Rory Kaiserman, Senior
Thursday, January 14, 2010 at 12:12PM
After I agreed to write a blog for AIK so many things came to mind, do I write about the bad experiences I've had with guys in the past, everything I thought a 'relationship' was turning out to be wrong, or the times I've been used…? You get the picture. Even though I had a lot of negative experiences in the past I could discuess I decided that I want to focus on the positive outcomes that have stemmed from these situations. Since abstaining, and being in Abstinence is Kool, I have not had one bad experience with guys and I am continuing to accomplish more then I ever thought I was capable of.
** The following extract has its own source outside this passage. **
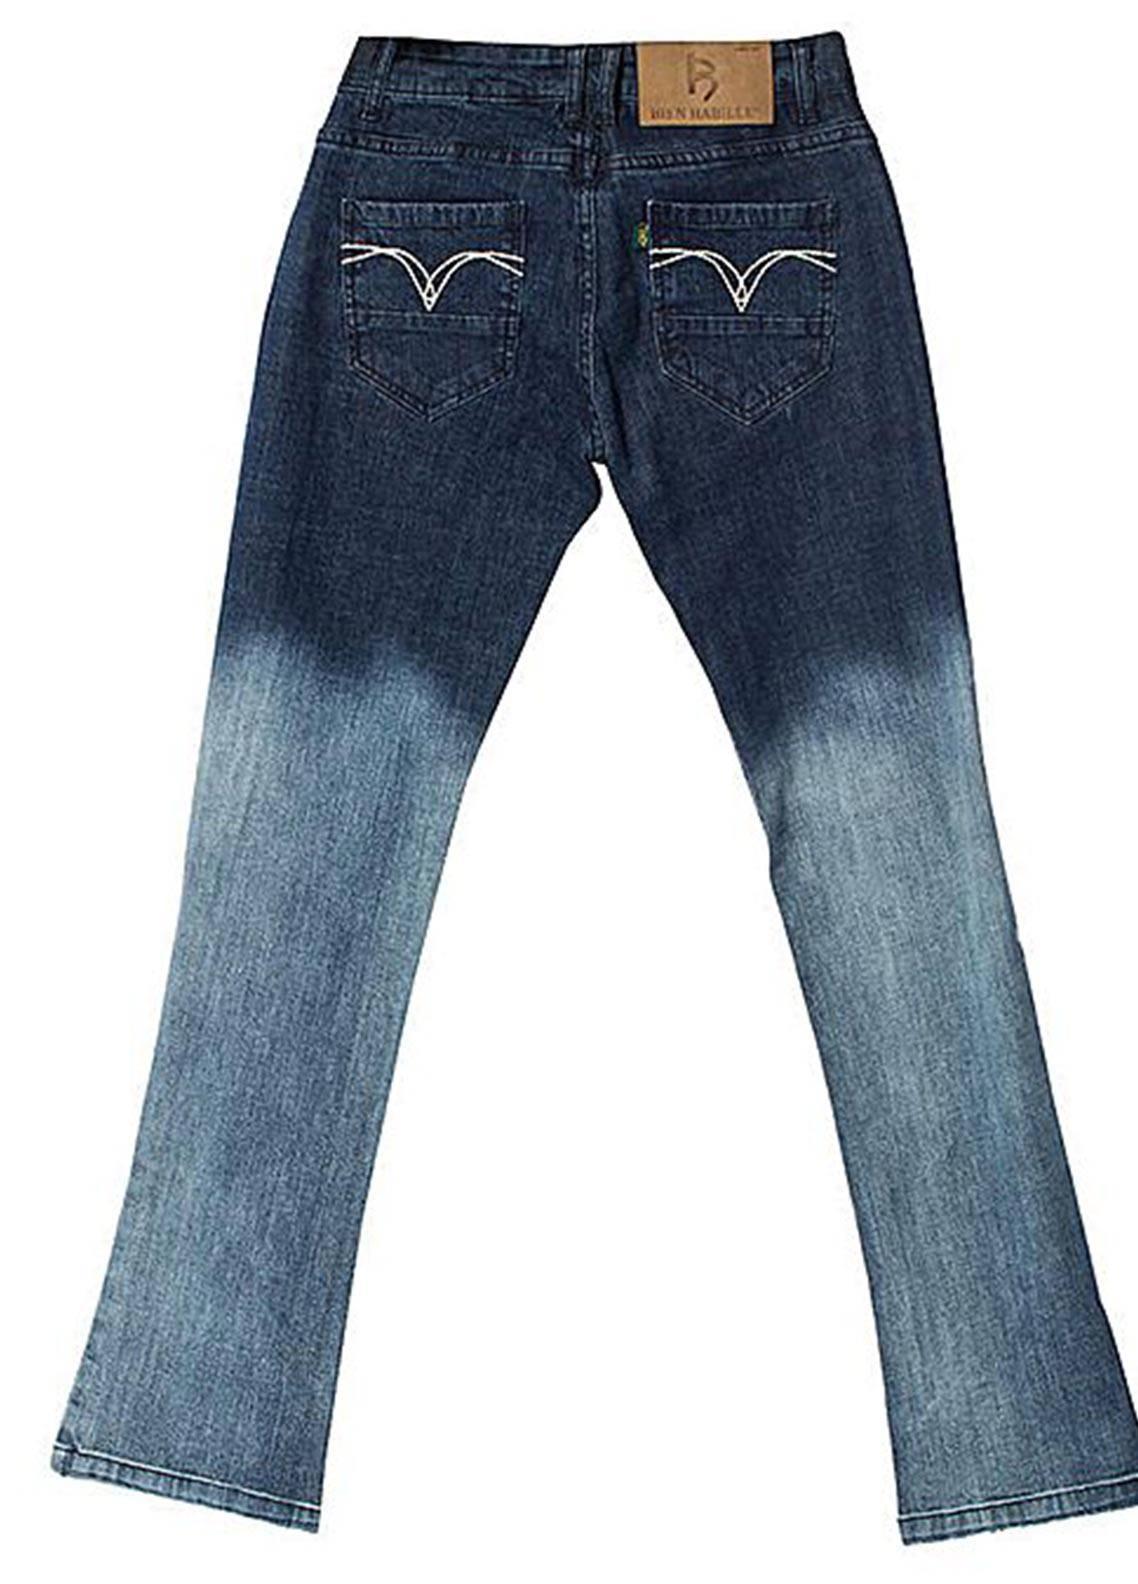 Bien Habille Jeans Casual Fit Blue Light & Dark

I wasn’t always abstinent. It was only when the men around me unknowingly made me realize that the decisions I was making wasn’t in fact self respectful, cool, classy, or attractive is when I decided I wanted to change my ways. This would eventually also lead me to becoming abstinent and taking the pledge.
I never thought that I would learn such a significant lesson from dating a complete jerks, and being around his disrespectful friends. The way my ex boyfriend and his friends talked about women enraged me. These guys would talk so lowly of women, only talking about the physical aspects of women like their ‘butts’ or ‘breast’, being proud of having sex with a girl and leaving them!
Even though what these guys were saying was horrible, I couldn’t be more thankful that I was constantly around their ‘guy’ talk because it opened my eyes and made me realize the girl that I did not want to be anymore.
When I finally got the strength to break up with my boyfriend I decided from that point on I would focus on myself, I was worth more then the image I has previously put out, I would not be giving myself up to some guy, and I would NOT ever be refereed to as a piece of behind- If a guy really wanted to be with me he would respect my decision not to have sex right away and he would have to prove to me that he was worth my time. This wouldn’t be a problem if he was a good guy.
I made this promise to myself a year ago and so far I have been true to it. I couldn’t be more satisfied, happy and proud of myself. Since I stopped chasing after guys and started respecting myself my life has improved in basically every aspect. I no longer have any piggish guys in my life, I am no longer involved in any catty girl fights over boys, and I’m no longer left feeling used. I went from a straight D student my freshman and sophomore year to a straight A student my entire junior and current senior year. I can finally hold a job where as before I would be to concerned with what my boyfriend or the guy I was interested in was doing while I was at work. I have also made SO many new girlfriends (which I am extremely thankful for <3), but most of all I have earned RESPECT from the men and women in my community. I am no longer treated like a BOOTY call. I am a strong independent woman.
I really am grateful for the lesson I have learned- It still boggles my mind that changing one thing in my life (focusing on myself instead of chasing after guys), has helped me improve so many aspects of my life.